Hence, we have saved our cluster from a split-brain scenario successfully
Avoid Two-Node Architectures When Possible
Two-node setups cannot form a quorum and often rely on manual or semi-automatic failover logic, which is more prone to errors. Adding a lightweight witness node (which doesn’t need to store data) can help form a quorum without much overhead. Can reduce the risk of a split brain
Use a Cluster with an Odd Number of Nodes
Clusters with three or more nodes (ideally an odd number) use quorum-based decision-making, where a majority (n/2 + 1) of nodes must agree to promote a new primary.
- n is the total number of nodes in the cluster.
- n / 2 gives you half of the nodes.
- + 1 ensures you have a majority, not just half, meaning more than half the nodes must agree.

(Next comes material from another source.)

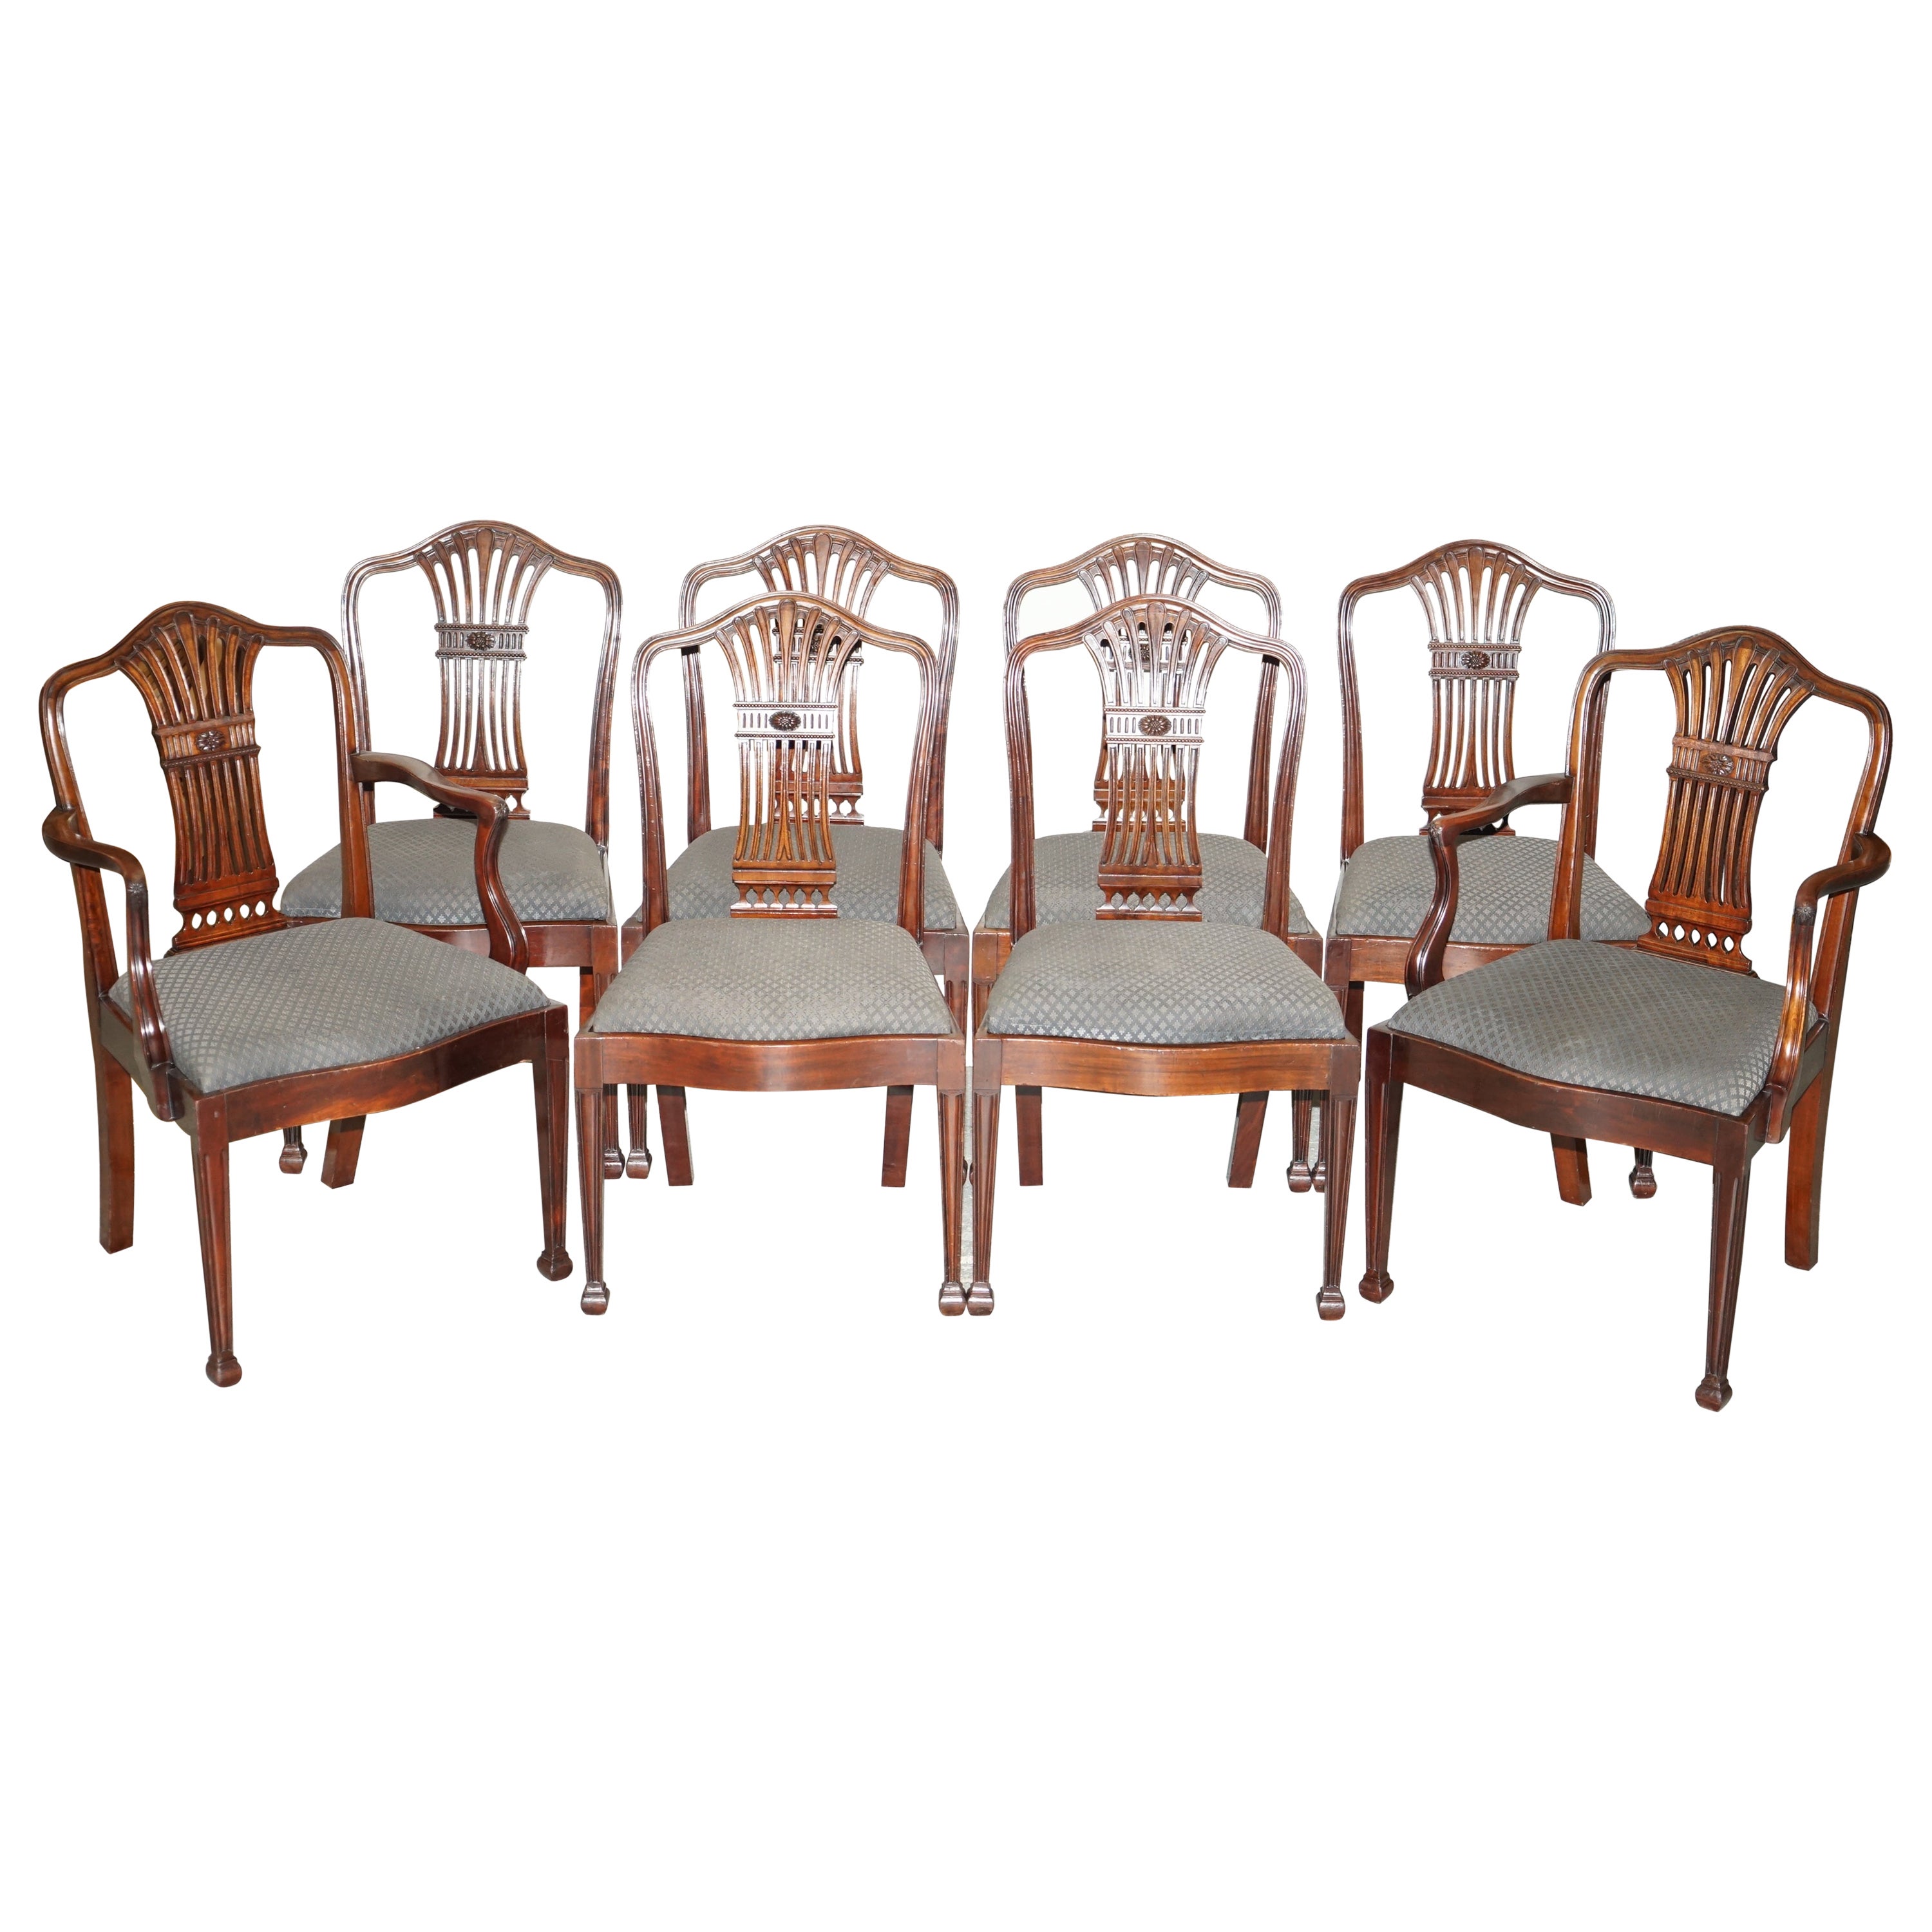 8 ANTIQUE GEORGE HEPPLEWHITE STYLE DINING CHAIRS FROM LADY DIANA'S SPENCER HOUSE im Angebot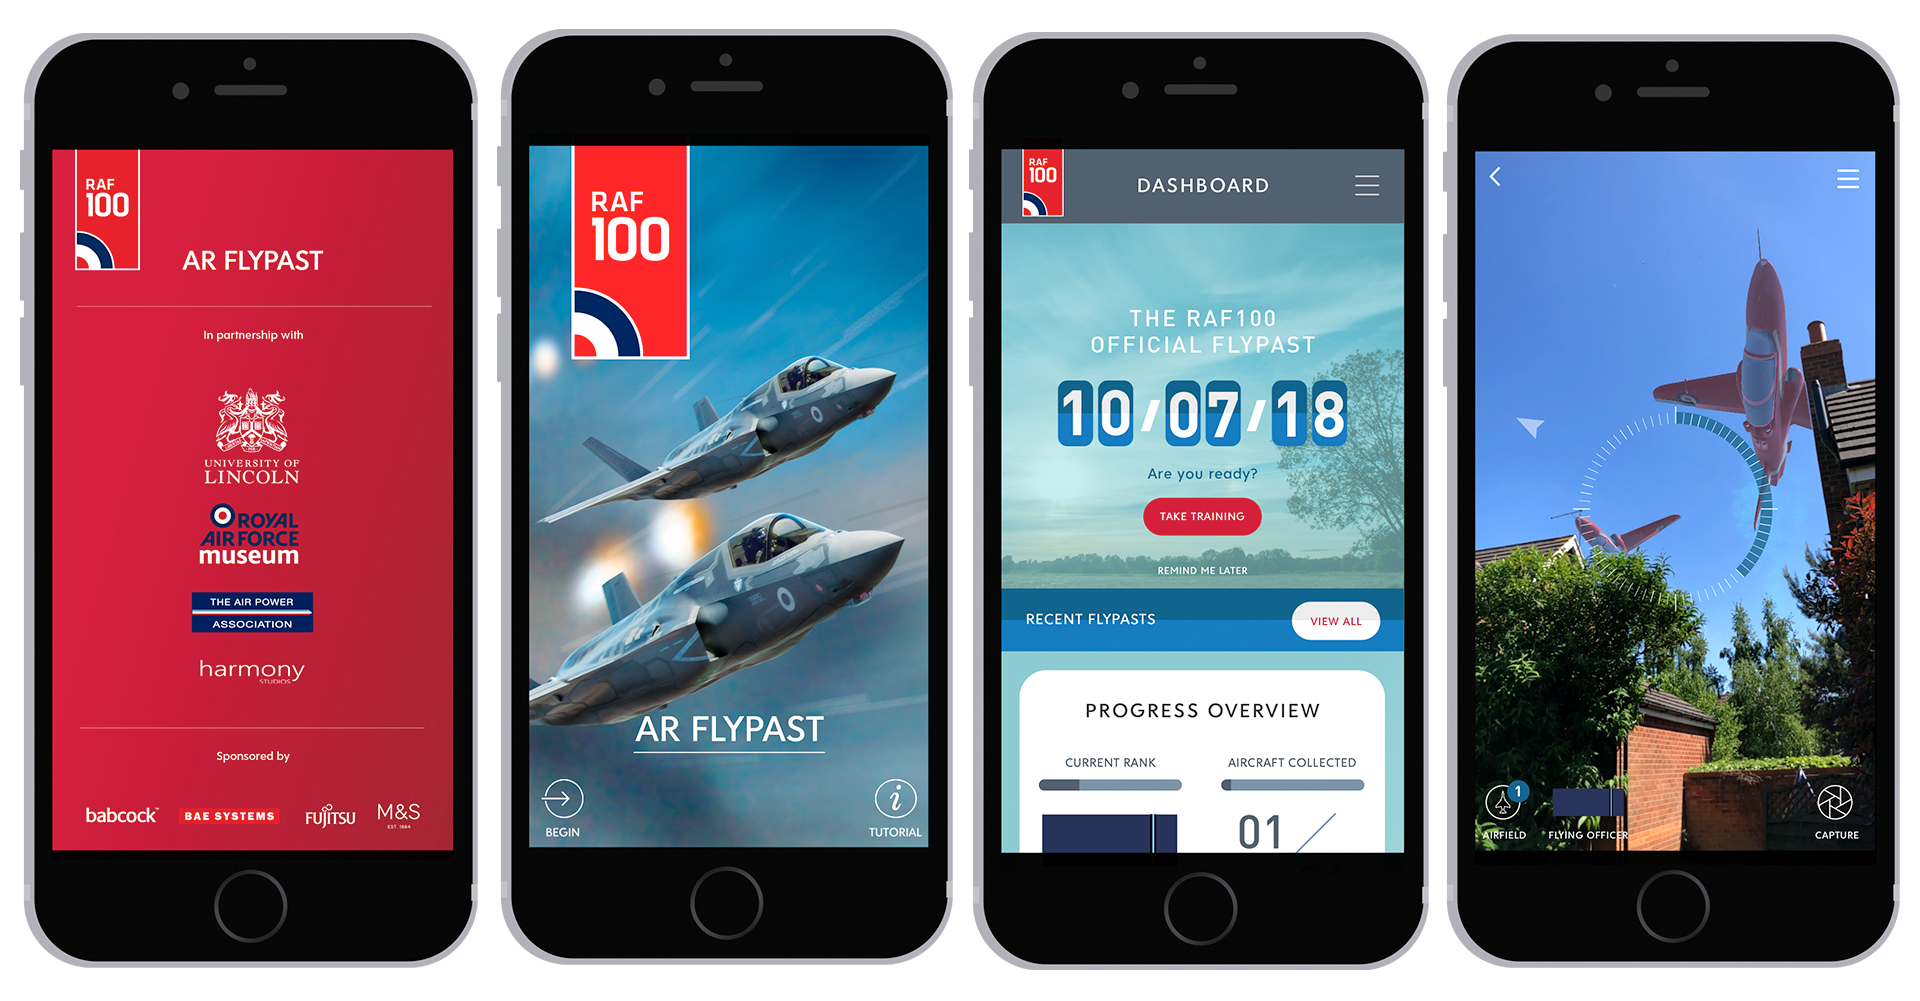 Images of 4 iphone screens showing different parts of the RAF100 flypast app

This avoids conflicting decisions and prevents multiple primaries from being elected
Use a Stable and Resilient Network for Cluster Communication
To avoid a split-brain scenario, it is also very important to maintain a stable and resilient network between all cluster nodes. Reliable network connectivity ensures that nodes can consistently communicate heartbeat signals and replication data without interruption.
Conclusion
Split-brain is a serious concern for the consistency and reliability of PostgreSQL HA clusters. It results from poor coordination between nodes and can lead to irreversible data loss. While PostgreSQL doesn’t inherently protect against split-brain scenarios, HA orchestration tools and quorum-based architectures can mitigate the risk effectively.